My favorite thing about staying in a house in one place is being able to cook. It’s challenging cooking in a foreign country — the cutting boards are always too small and there’s never essential cooking tools like tongs or a grill, but it’s also incredibly rewarding. I got really into cooking while living in Spain, so I find it refreshing to get back to my culinary roots and put myself to the test in an unknown place. During this last trip, I realized how awesome it is to cook in a foreign country. Here’s 10 reasons that prove my point:

  1. IMG_2861You’re on vacation, so there’s no pressure to create something impressive or elaborate.

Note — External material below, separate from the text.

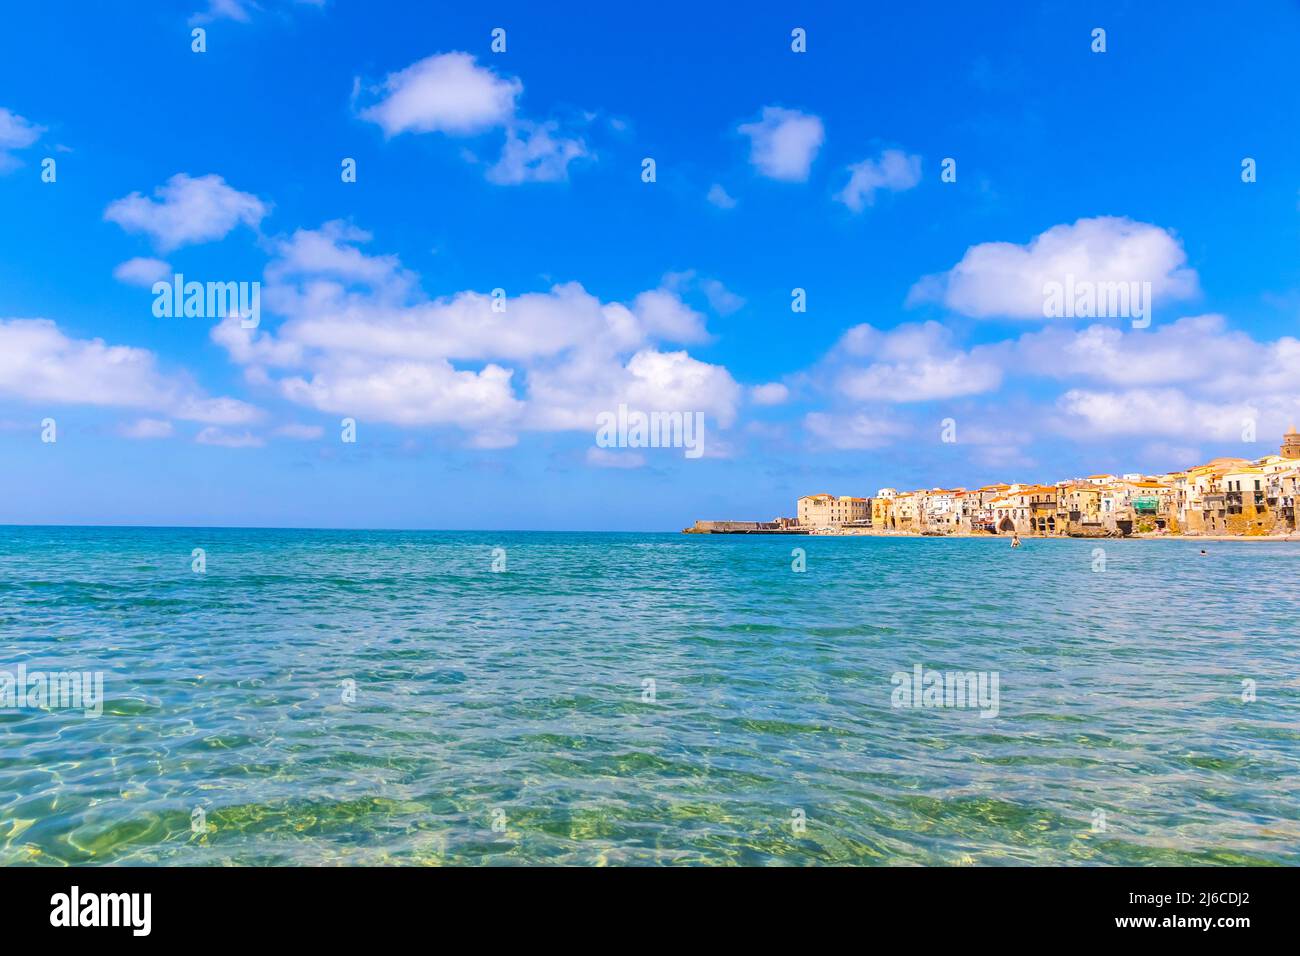 Vue sur la plage de Cefalu, la ville de Cefalu, la Sicile, l'Italie. Cefalu a une longue et belle plage avec du sable propre et doré. Est l'un des meilleurs de Sicile Banque D'Images
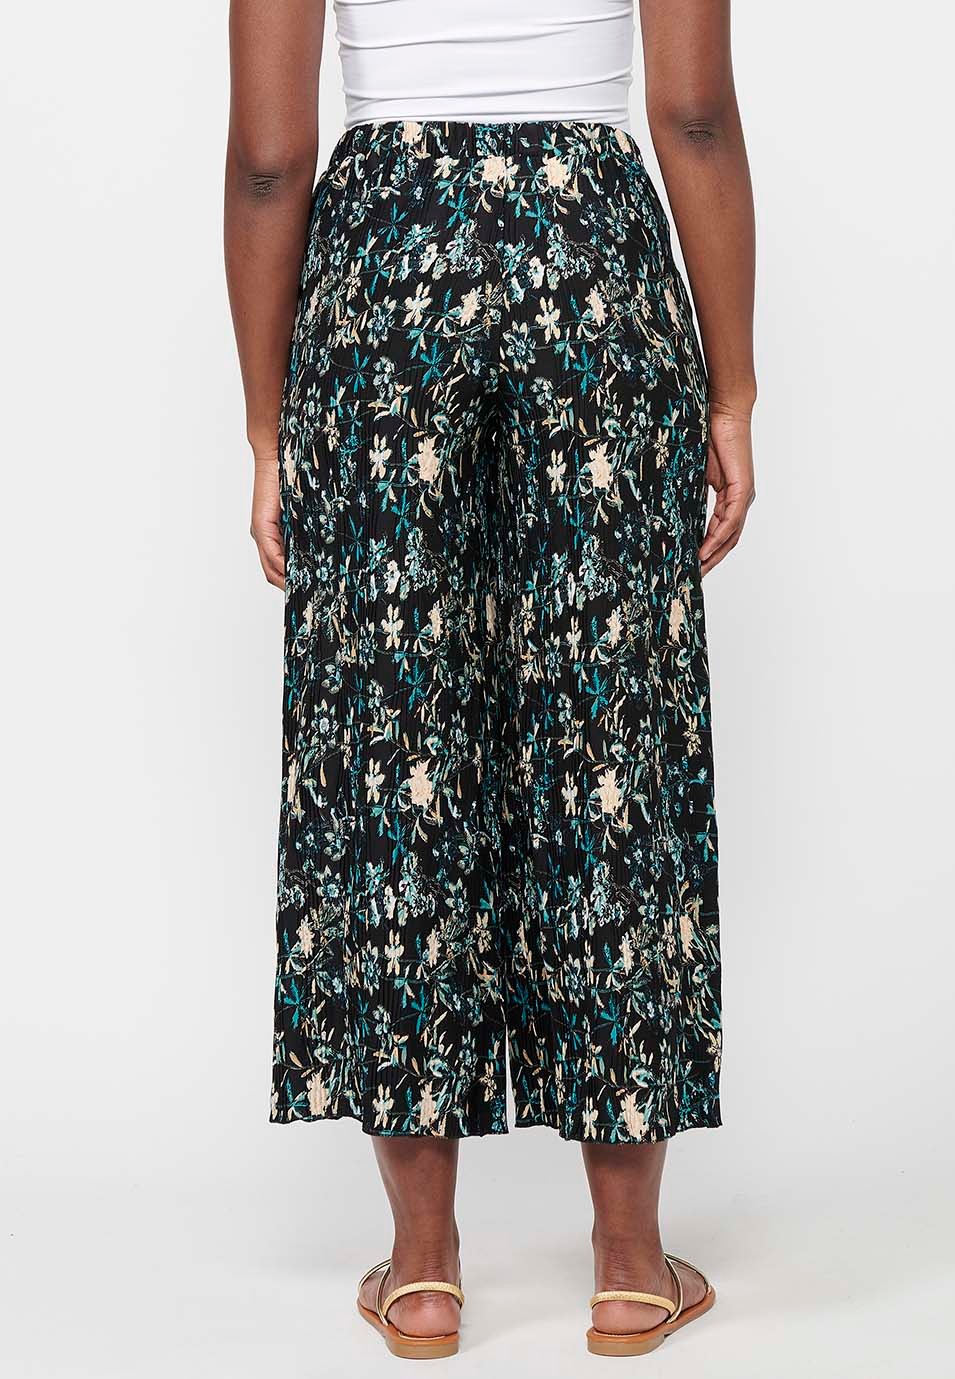 Pantalon long et large à taille caoutchoutée pour femme, imprimé floral multicolore

  2. You’re on vacation, so you’re probably drinking the local beer (or wine or rum) while cooking.
  3. You get to check out the local markets. I especially love going to the fish and meat markets. It’s fascinating to see how the world handles their food.
  4. You get to experiment with new ingredients. If I hadn’t been cooking in a foreign countries, I probably would have never learned how to make octopus or whole roasted fish.
  5. It forces you to think outside the box. Last week, when trying to figure out how to cook whole blue fish, I found a great recipe for it seasoned with lemon, thyme, and parsley. However, those ingredients are not native to the tropical island climate, so I had to make some substitutions. I used lime, cilantro, and basil and the fish came out wonderfully!
  6. IMG_2904It forces you to be a more intuitive cook. When I’m at home, I’m always going to the store to purchase exactly what I need. Whole Foods is almost always open. But on vacation in a different country, with limited access to the market, I often cook with just what is on hand.
  7. It makes you appreciate everything you have at home. Last week, I made a giant vat of guacamole — enough to feed 20 people. As I was chopping tons of garlic, peppers, onion, and cilantro on a 4×8-inch cutting board, I couldn’t help but think of my oversized cutting board and food processor. I promise never to take them for granted again! Also, it’s really a luxury being able to use tap water. In the DR, we had to always use bottled or boiled water for cleaning produce and cooking.
  8. It encourages you to talk to the natives. While searching for the best sliced chorizo, I befriended the cute boy behind the deli counter.
  9. If you’re speaking a different language, you’ll learn new vocabulary! When selecting fish at the fish market, I had to figure out how to ask the monger to clean, scale, and gut the fish in Spanish.
  10. It validates your kitchen prowess. If I can make roast chicken for 12 while jet lag at a high altitude with a rink-i-dink oven that’s almost run out of gas, I can do anything!